そして智史達がいる部屋から逃げ出したイオナ。彼女は泣きながら通路の片隅で丸くなっていた。そこへーー

 

カロン、カロン、カロンーー

カロン、カロン、カロンーー

 

「あなたは、イセ?何しに来たの?」

「傷ついたあなたを励ますため。」

「私に話しかけないでっ!私は彼にヤマトの操り人形だと言われてしまった…。私は自分のコアだけではメンタルモデルを生成できない、彼女のコアの助けがなければ私はメンタルモデルを生成できなかった…。」

「確かに彼はあなたからヤマトのコアを引き抜いたわ、でもその代わりに彼女の演算能力に匹敵するものをあなたは与えられてメンタルモデルを維持している。何故だと思う?」

「私に…自分の意思を持って生きて欲しかったから?」

「そう。彼は、あなたにヤマトの操り人形のままでいて欲しくなかったのよ。だから彼はあなたに「自分の意思で地に立って歩け。親の助けを必要とするのは赤ん坊だけだ。私はそんな赤ん坊のようなお前を自分の意思で歩けるようにしただけだ。」って伝言を私に託したのよ。」

「智史…。」

確かに彼は悪戯感覚でイオナからヤマトのコアを引き抜いて彼女を復活させたらどうなるかという自身の妄想から今回の実験をしたのだ。だがそれだけでなく彼はヤマトのコアに匹敵する演算能力を持つ意思を持たないユニオンコアを彼女に埋め込んだのである。それは彼女が他者からの支えが無くても独り立ちが出来るためにするための彼の想いであった。この出来事以降、イオナの智史への印象は改善していくこととなる。

 

 

「イセは彼女への伝言を済ませたか。さて…霧の生徒会の大艦隊のお出ましか。元を言えば私のせいであんな奴らが来てしまったからな、群像達にどう言おうか。」

そう呟く智史。そして彼らが来たことを知らせるレーダー網からの警報が鳴り響く。

「硫黄島から北方500㎞に多数の重力子反応!艦型確認、コンゴウ型2番艦、大戦艦ヒエイとミョウコウ型4隻、超兵器級8隻を中核とする大艦隊です!」

そう、霧の生徒会が硫黄島に到達したのだ。

「霧の究極超兵器、超巨大戦艦リヴァイアサン。あなたという存在を確かめさせてもらいます。」

自身の船体の艦橋のトップで制服を海風に揺らせながらヒエイはそう呟く。
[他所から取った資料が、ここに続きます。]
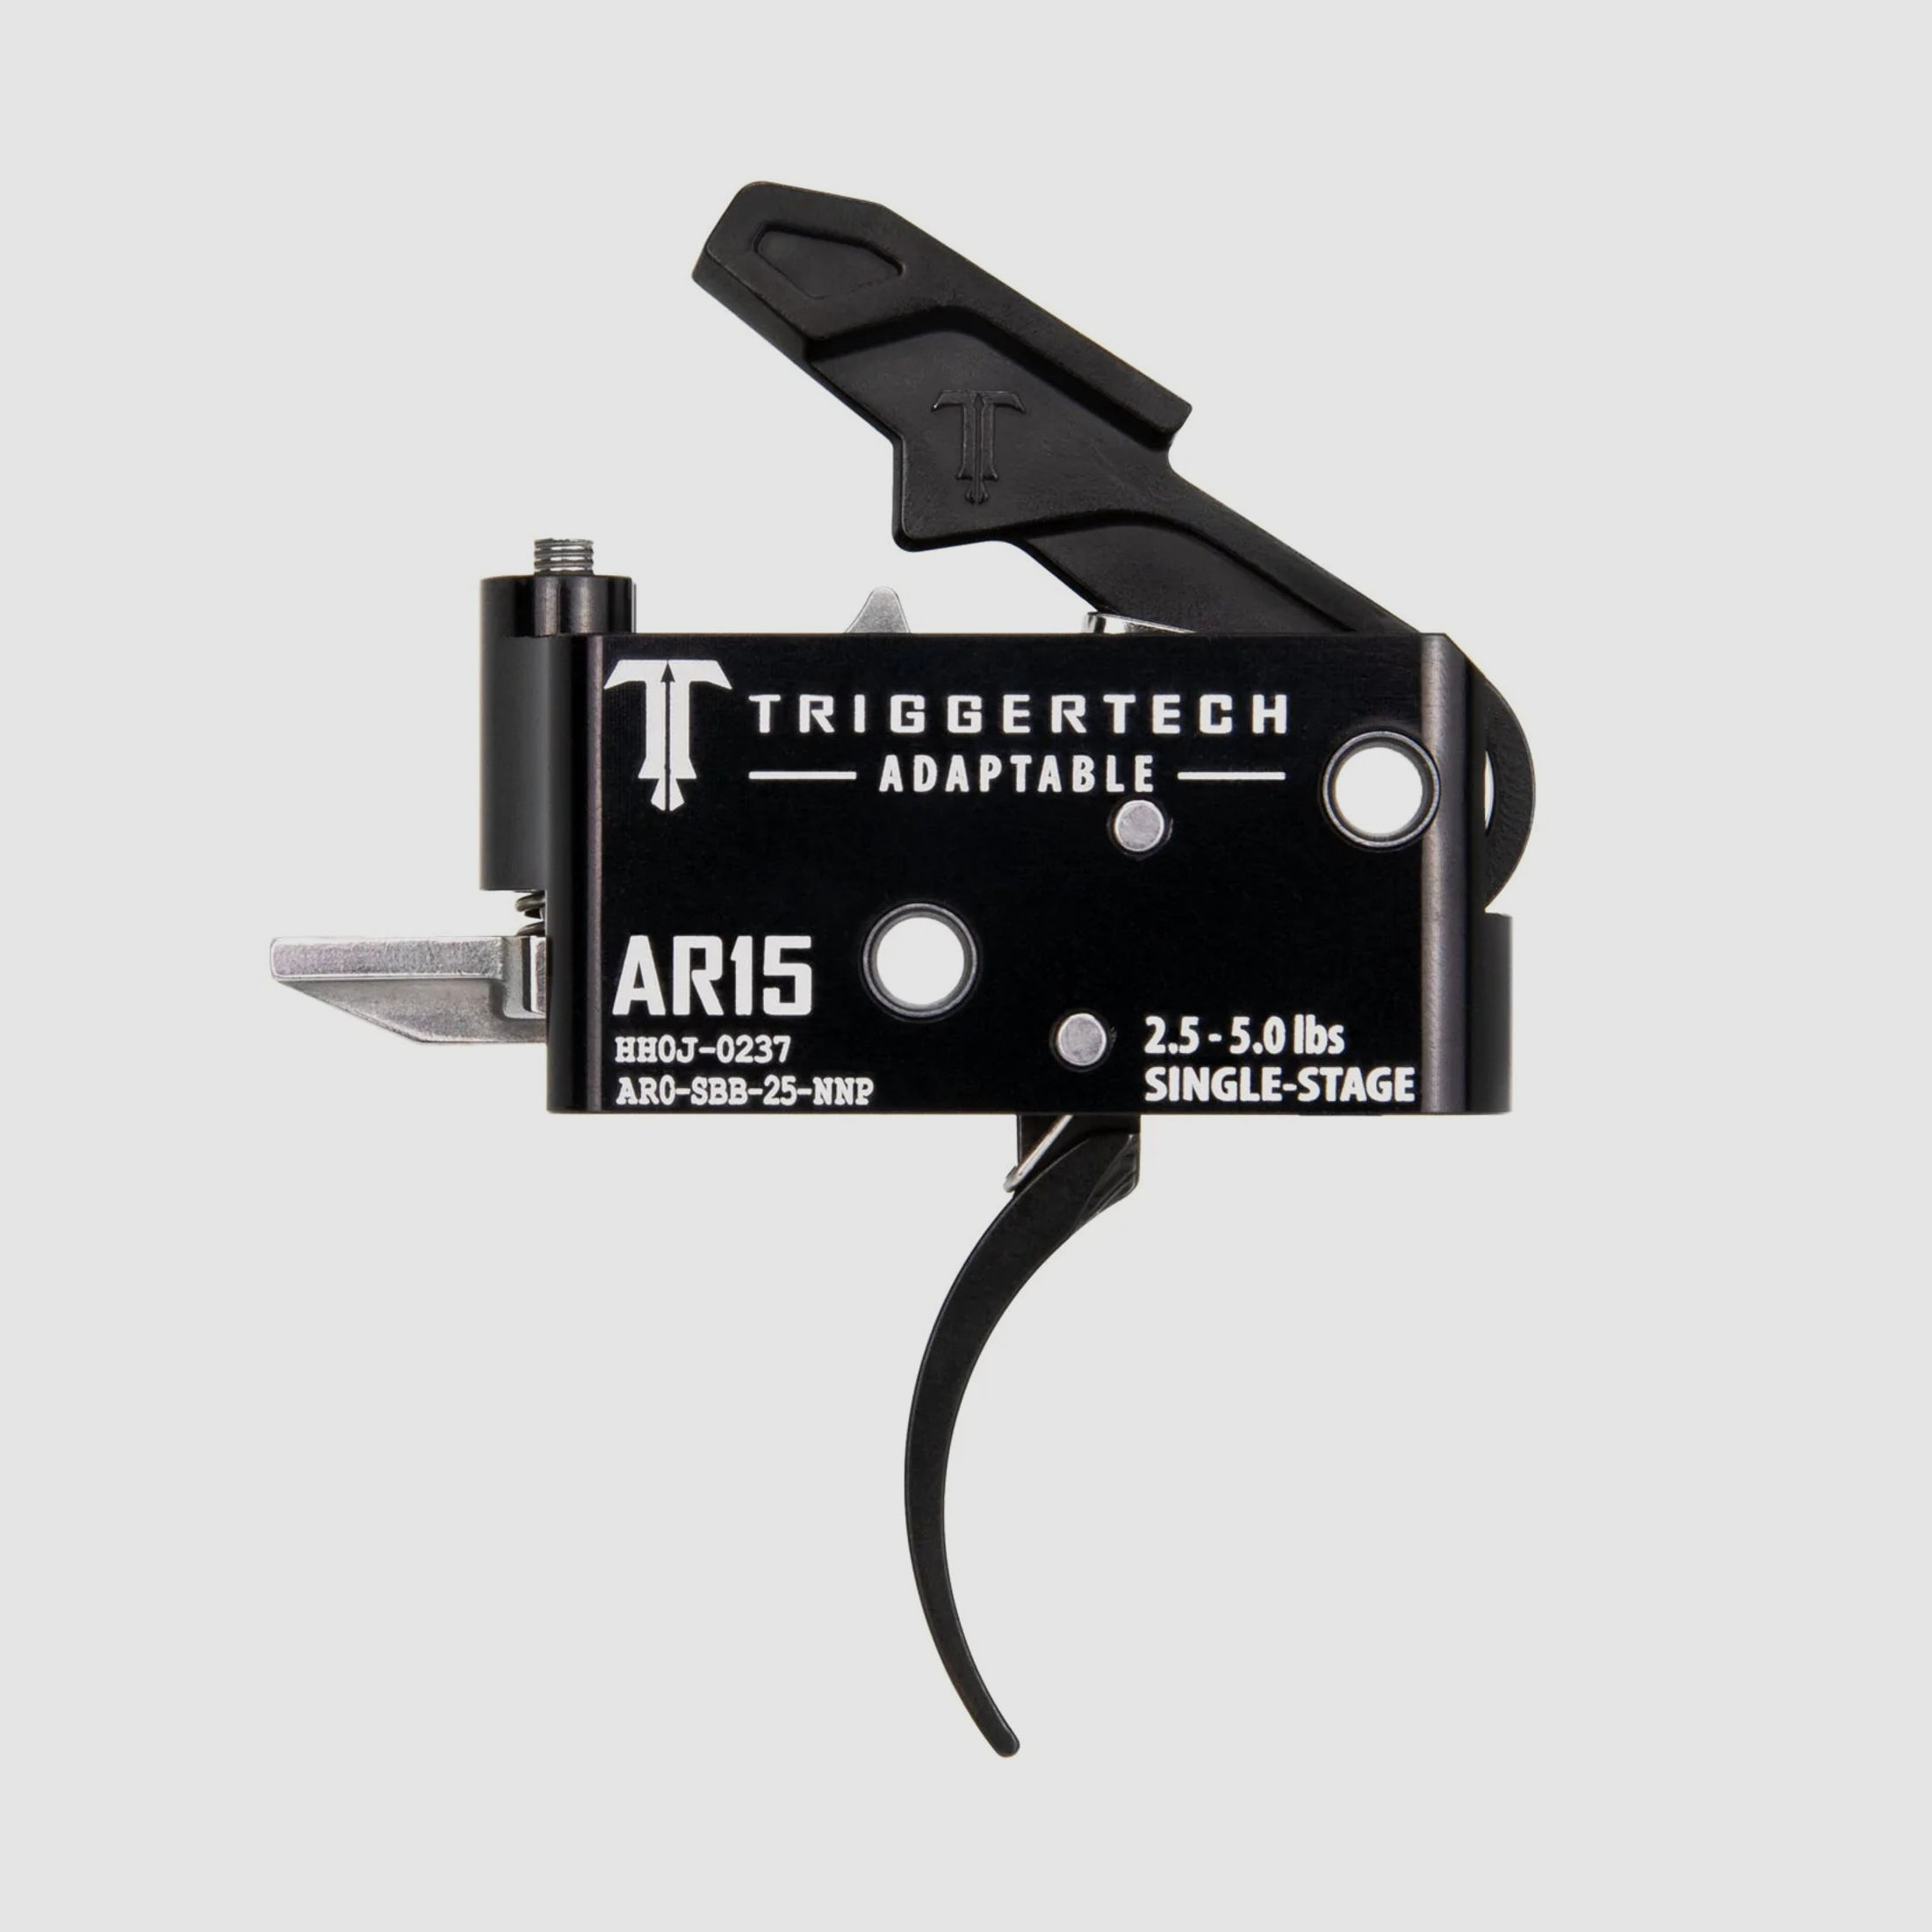 Triggertech AR15 Abzug Adaptable

遂に霧の生徒会と智史&群像達の直接対決が幕を上げようとしていた、そして彼女にはある秘策があったーー




智史がイオナに与えたもの

ユニオンコアα
本作オリジナルのユニオンコア。
ヤマトのコアがイオナのメンタルモデルから抜けることでイオナがメンタルモデルを維持できなくなってしまうことを忌み嫌った智史が生み出し、ヤマトのコアの代わりに彼女に埋め込んだユニオンコア。
演算能力はヤマトのコアのものに匹敵。なおこのユニオンコアは自我を持たず、イオナの元のユニオンコアと同調し、彼女自身のものとして馴染んでいくようにプログラミングされている。この設定には彼女に他者からの手も借りずに自分で立って歩いていけという意味も込められている。